# Capacity Planning Glossary
**Parent Topic**: [[Software/README]]
Reference definitions for the terms used across the Capacity Planning notes. Each links to the canonical note where one exists.
## Core model
- **Utilization (ρ)** — offered load ÷ capacity, `ρ = λ/μ`. The master variable; keep it below 1 for stability and below the *knee* (~0.7) for bounded latency. ([[First-Principles Capacity Analysis]])
- **Arrival rate (λ)** — the rate at which work arrives (requests/sec, queries/sec).
- **Service rate (μ)** — the rate at which the system can process work. For burstable instances μ is *time-varying* (high while credits last, then the baseline).
- **Binding constraint** — the resource that saturates first; total capacity equals the minimum across resources. Analyze it, not whichever metric is habitual. ([[Eliminate Healthy Resources to Find the Binding One]])
- **Ceiling / red line** — the critical level of a resource that cannot be crossed without failure; set below the true failure point with a safety margin. ([[Find Each Component's Red-Line Number]])

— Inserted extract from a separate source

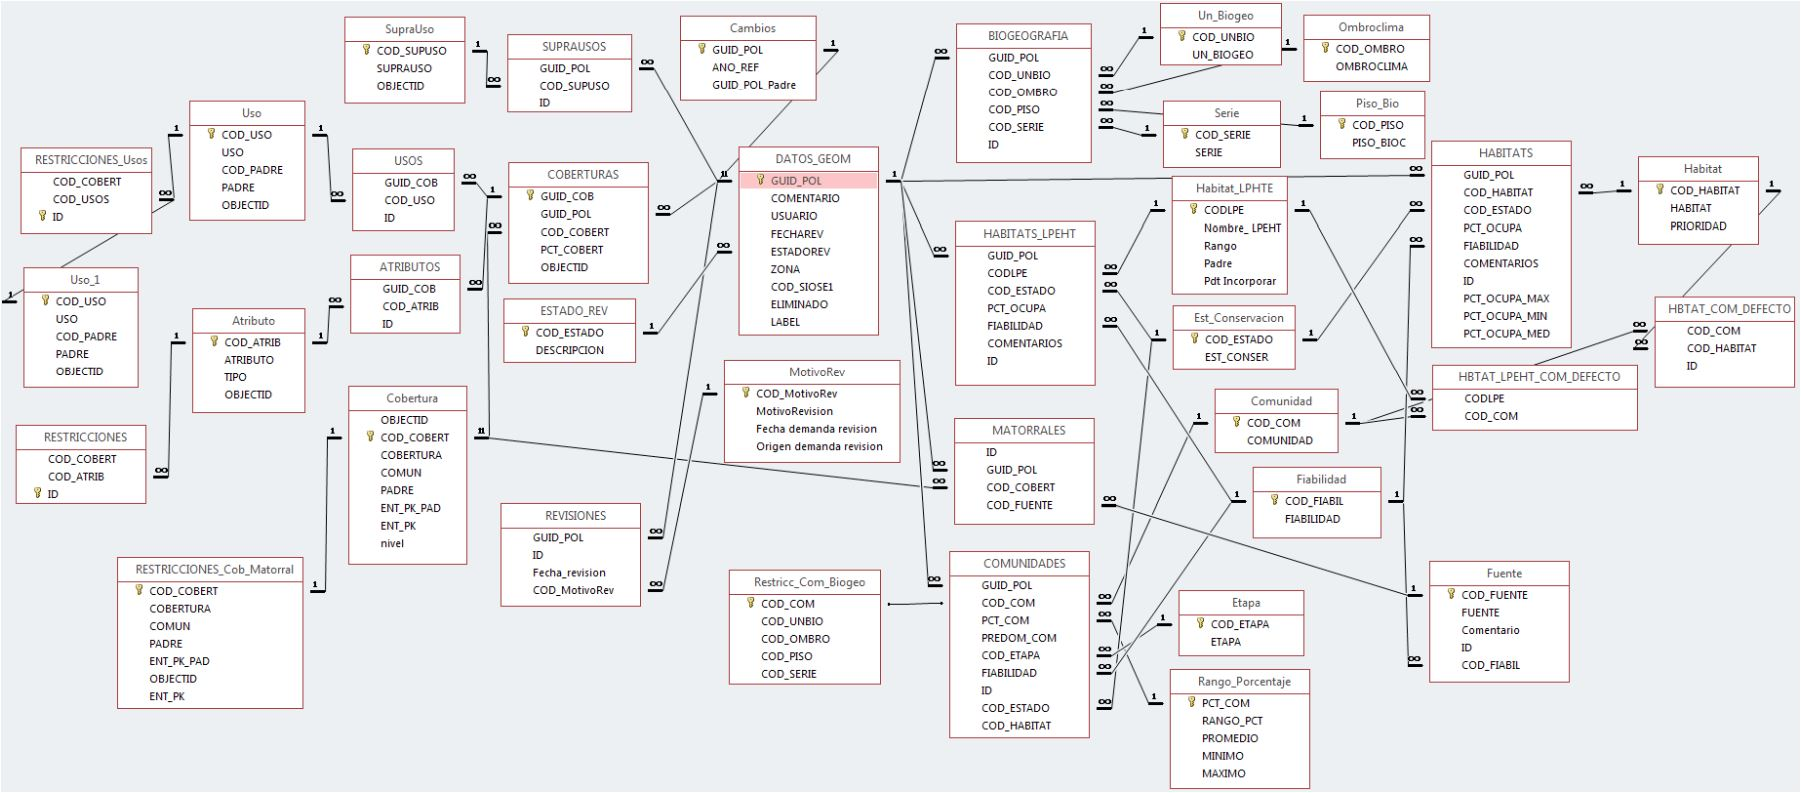 Modelo de datos empleado en el SIPNA

- **Headroom / safety factor** — the margin held back below the failure point to absorb spikes and reaction lag (e.g. an 85% CPU ceiling = 15% margin). ([[Apply a Safety Factor Above the Ceiling]], [[Maintain Capacity Headroom]])
- **Peak-driven resource** — elastic resources (compute, cache, DB) sized by their *peak*; load can be shed. ([[Peak-Driven Capacity Differs From Consumption-Driven]])
- **Consumption-driven resource** — monotonic resources (storage) sized by *run-out date*; can't shed what's stored.
## Statistics
- **Average** — correct for *accrual* resources (credit economy over a window); hides peaks, so wrong for peak-driven sizing.
- **Percentile (p95 / p99)** — the peak without the single-outlier noise; the right statistic for peak-driven resources.
- **Max** — a tripwire only ("did it ever touch the ceiling"), never the headline number — one outlier distorts it.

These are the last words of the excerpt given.